Het pad kruipt omhoog, we passeren een kudde koeien die staat te lummelen in de nevelige avondschemering. Het bos is nu in zicht. Bovenop een helling verrijst een muur van zwarte dennen. In de oksel ervan zie ik de lage witte gebouwen van de kliniek.
Aan de bosrand blijven we even staan. Het uitzicht is hier wijd, weids. Een gestikte deken van stukjes land, het een nog verder dan het ander, die geborgenheid suggereert: hoe ver je ook kunt kijken, je kunt je hier overal verstoppen.

We lopen langs de kliniek. Als je daar eenmaal uit bent mag je er niet meer in. Even gedag zeggen is er niet bij. Een meisje komt uit de glazen toegangsdeur, ze loopt met de snelle zakelijke pas van iemand die hier werkt en nu naar huis gaat, naar de gewone wereld. Het is tegen vijven, het wordt donker.
Bij de Gerardushoeve gaan we met enige aarzeling naar binnen.
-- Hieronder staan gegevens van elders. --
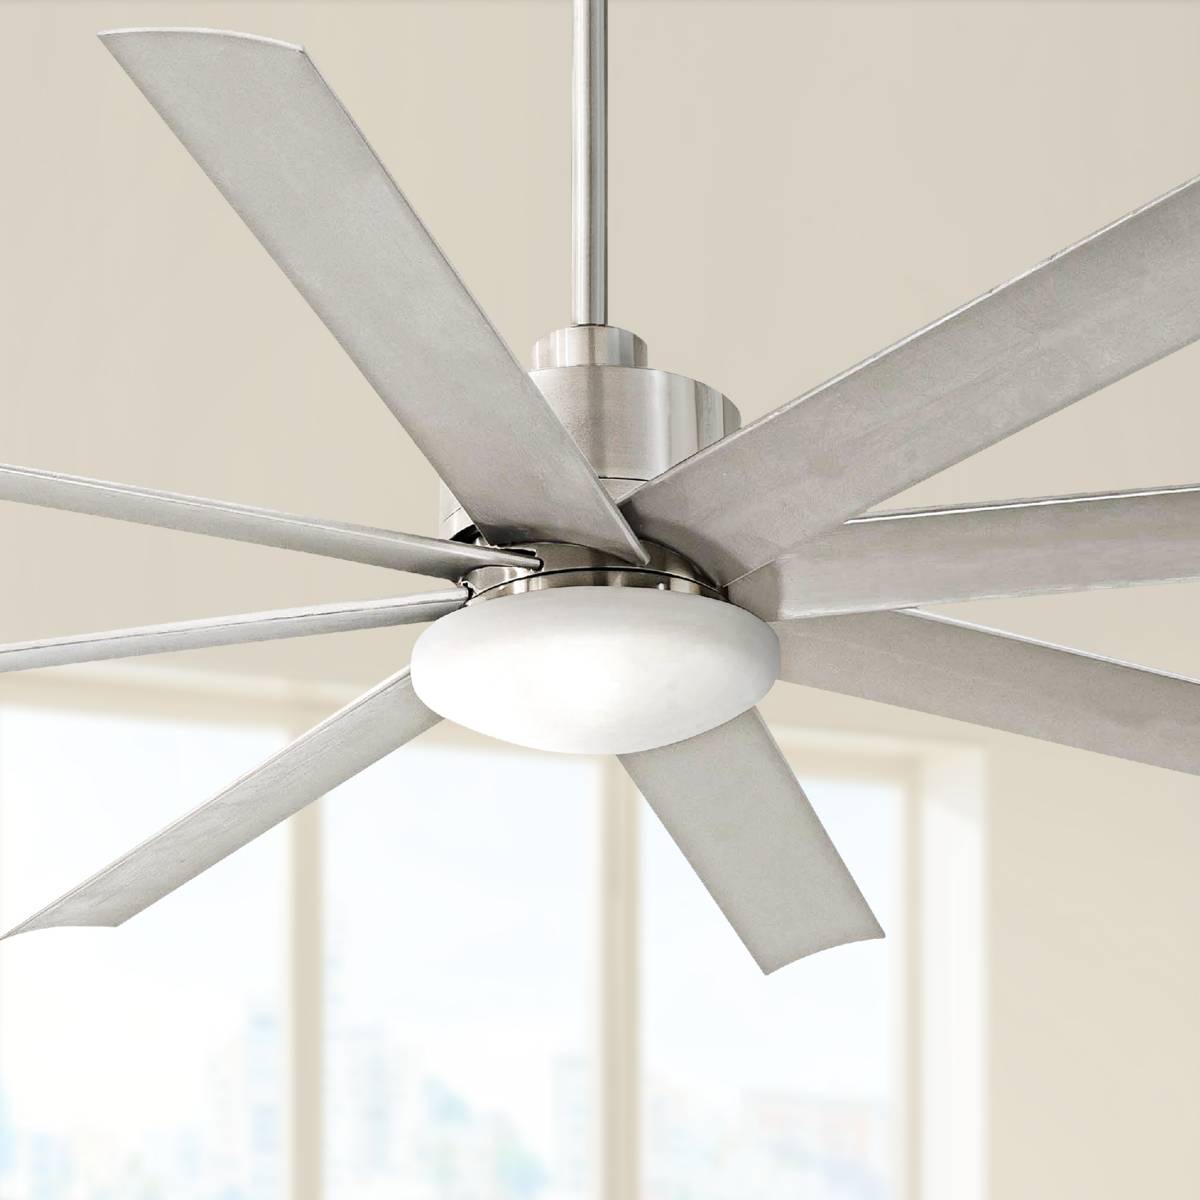 Silver, Ceiling Fan With Light Kit, Ceiling Fans - Page 2 | Lamps Plus
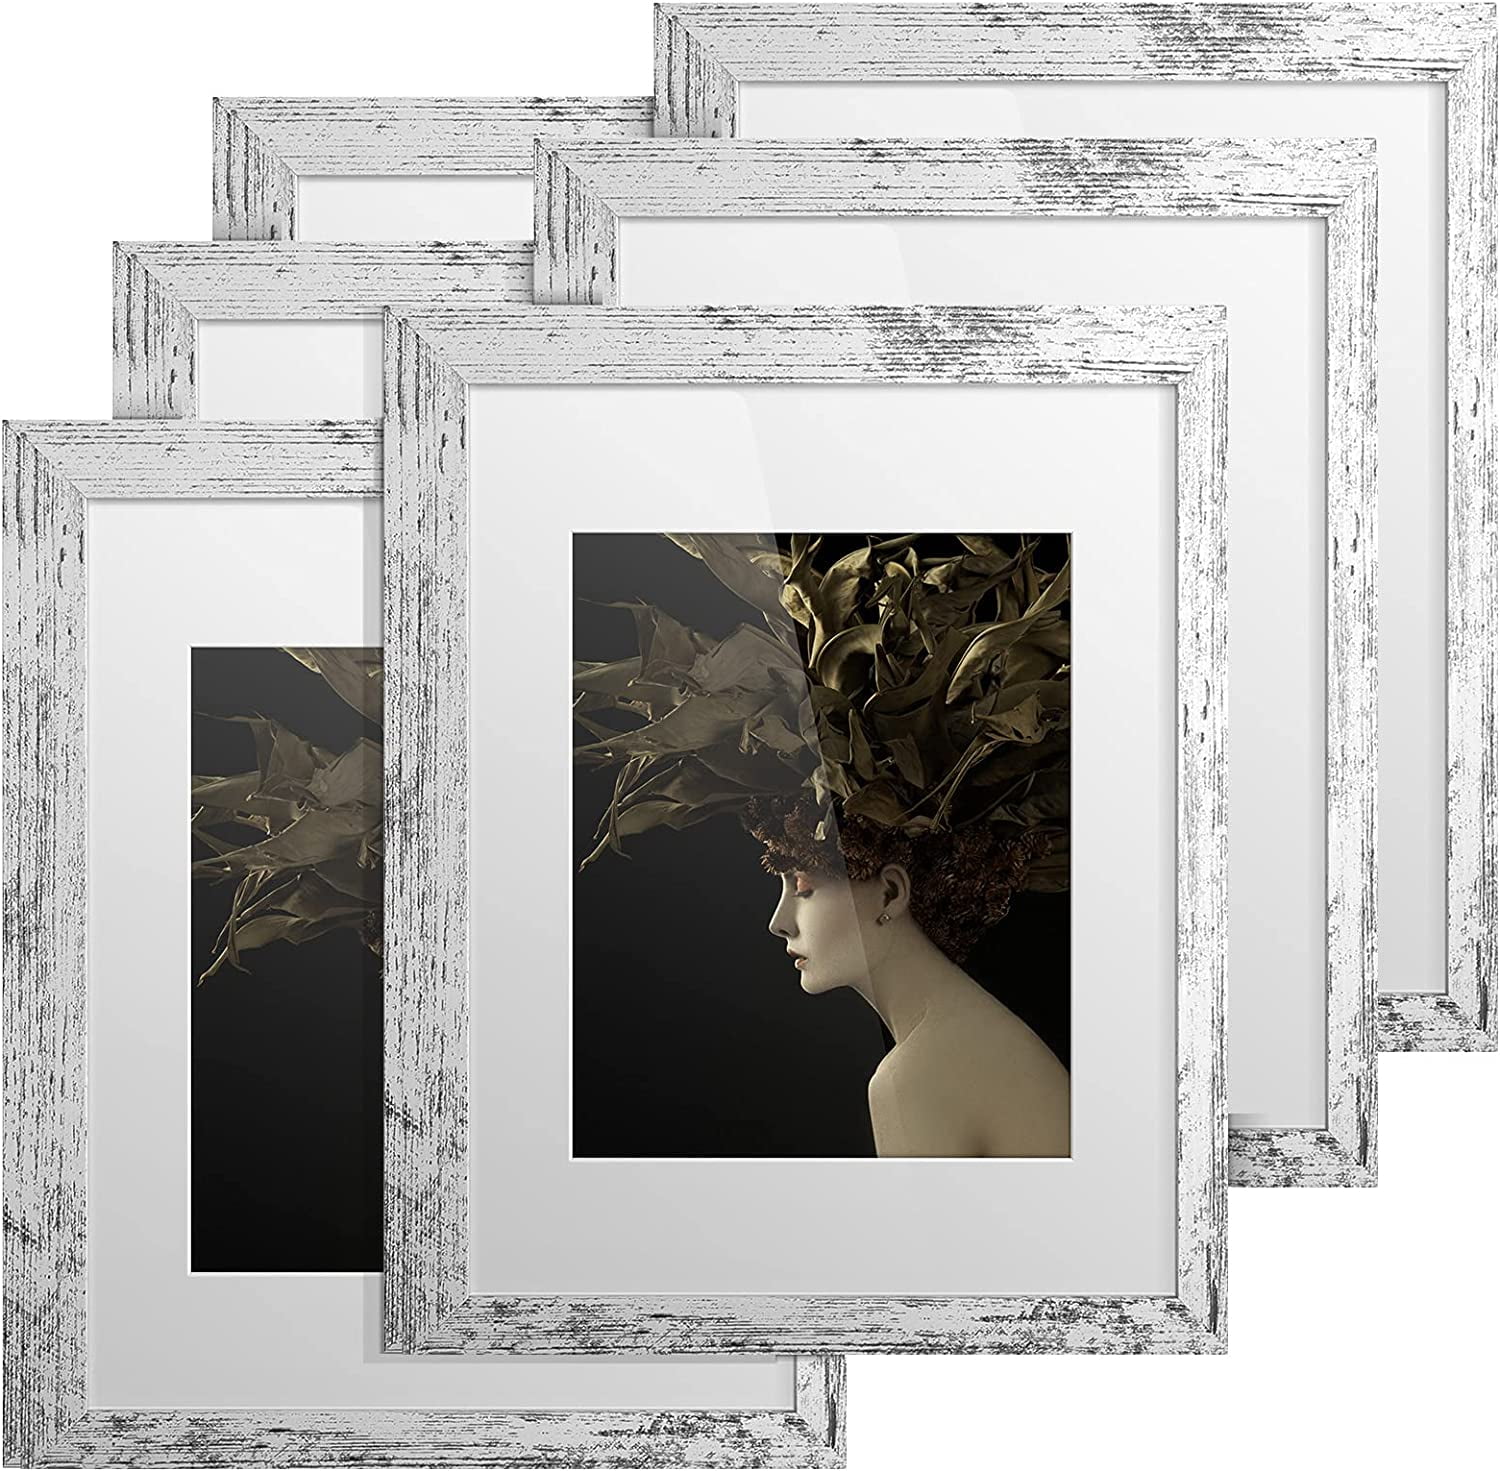 Metronic 12x16 Picture Frames Set Of 6 Distressed White Farmhouse Rustic Photo Frames Large Wall Frame Set 21e55e82 5c35 473d A8dd Fb4dad5a3bc9.406088d1ca5382a0c90f21230b41a9b5

Zijn bemodderde wandelschoenen wel welkom in deze smetteloze burgermanschic? We kiezen een tafel uit in de serre. En daar is het moment waarnaar ik jarenlang heb uitgezien. Ik bestel een lokaal abdijbier. Eindelijk kan ik ten volle profijt trekken van alle luxe die dit rijke land te bieden heeft. Maar hoe stoer ik ook doe ('wraak', mail ik aan mijn broer, bij een foto van mezelf met die schuimende kelk in de hand), ik kan een licht gevoel van bedruktheid niet van de afschudden. Schuldgevoel? De herinneringen die dit beladen landschap oproept?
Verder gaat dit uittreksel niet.